U.S. compares China's South China Sea moves to Russia's in Ukraine

WASHINGTON (Reuters) - The U.S. State Department’s number two diplomat on Friday compared China’s behavior in pursuit of territory in the South China Sea to that of Russia in eastern Ukraine.

Chinese dredging vessels are purportedly seen in the waters around Mischief Reef in the disputed Spratly Islands in the South China Sea in this still image from video taken by a P-8A Poseidon surveillance aircraft provided by the United States Navy May 21, 2015. REUTERS/U.S. Navy/Handout via Reuters

Deputy Secretary of State Antony Blinken called China’s large scale reclamation projects in the South China Sea, “a threat to peace and stability.”
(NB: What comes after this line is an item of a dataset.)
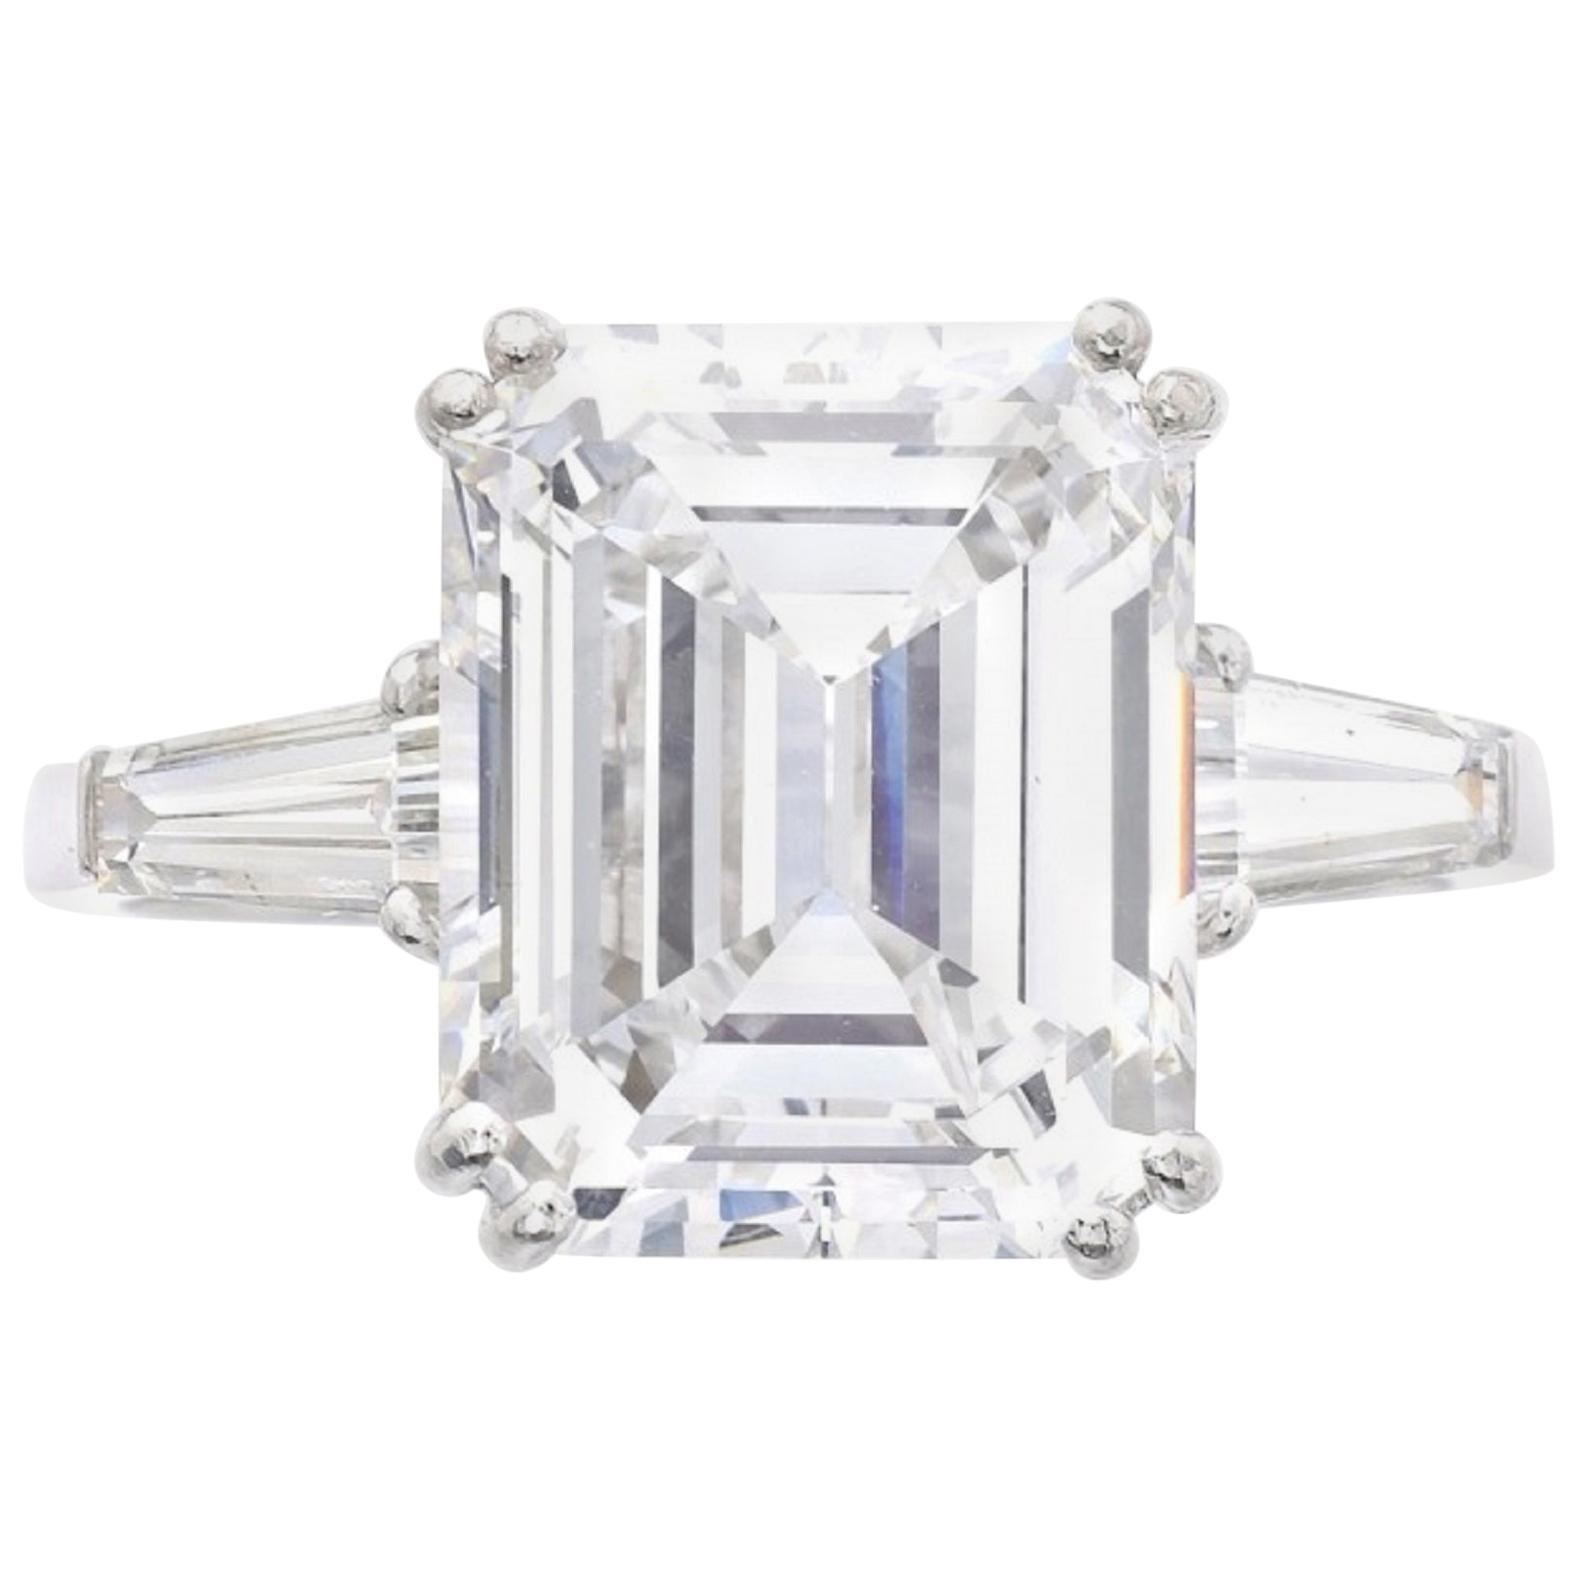 I FLAWLESS GIA Certified 2 Carat Emerald Cut Diamond Ring

He said the United States took no position on the merits of competing claims in the disputed sea, but had a strong interest in how those were pursued, and in preserving freedom of navigation.

“The way forward is for China, and all claimants, to freeze their reclamation activities and resolve their difference in accordance the rule of law,” he said.

“In both eastern Ukraine and the South China Sea, we’re witnessing efforts to unilaterally and coercively change the status quo — transgressions that the United States and our allies stand united against,” Blinken said in a speech at the Center for a New American Security think tank.

China claims nearly all of the South China Sea and says it has every right to build up reefs there. Its top diplomat State Councilor Yang Jiechi said after talks with the United States this week that freedom of navigation in the Sea, through which $5 trillion in ship-borne trade passes every year, was guaranteed.

The comments come at a time of rising tensions between the United States and China over the latter’s increasingly assertive behavior in Asia and massive cyber attacks on U.S. government computers.

On Thursday, U.S. intelligence chief James Clapper said on China was the top suspect in the hacking attacks on the Office of Personnel Management, which compromised the data of millions of Americans.

It was the first time the Obama administration has publicly accused Beijing of the hacking, but Clapper said the attacks were still under investigation. Chinese Foreign Ministry spokesman Lu Kang called this “absurd logic.”

In April last year, U.S. Assistant Secretary of State for East Asia Daniel Russel said the prospect of economic retaliation should discourage Beijing from using force to pursue territorial claims in Asia in the way Russia had in Crimea. He also said China should not doubt the U.S. commitment to defend its Asian allies.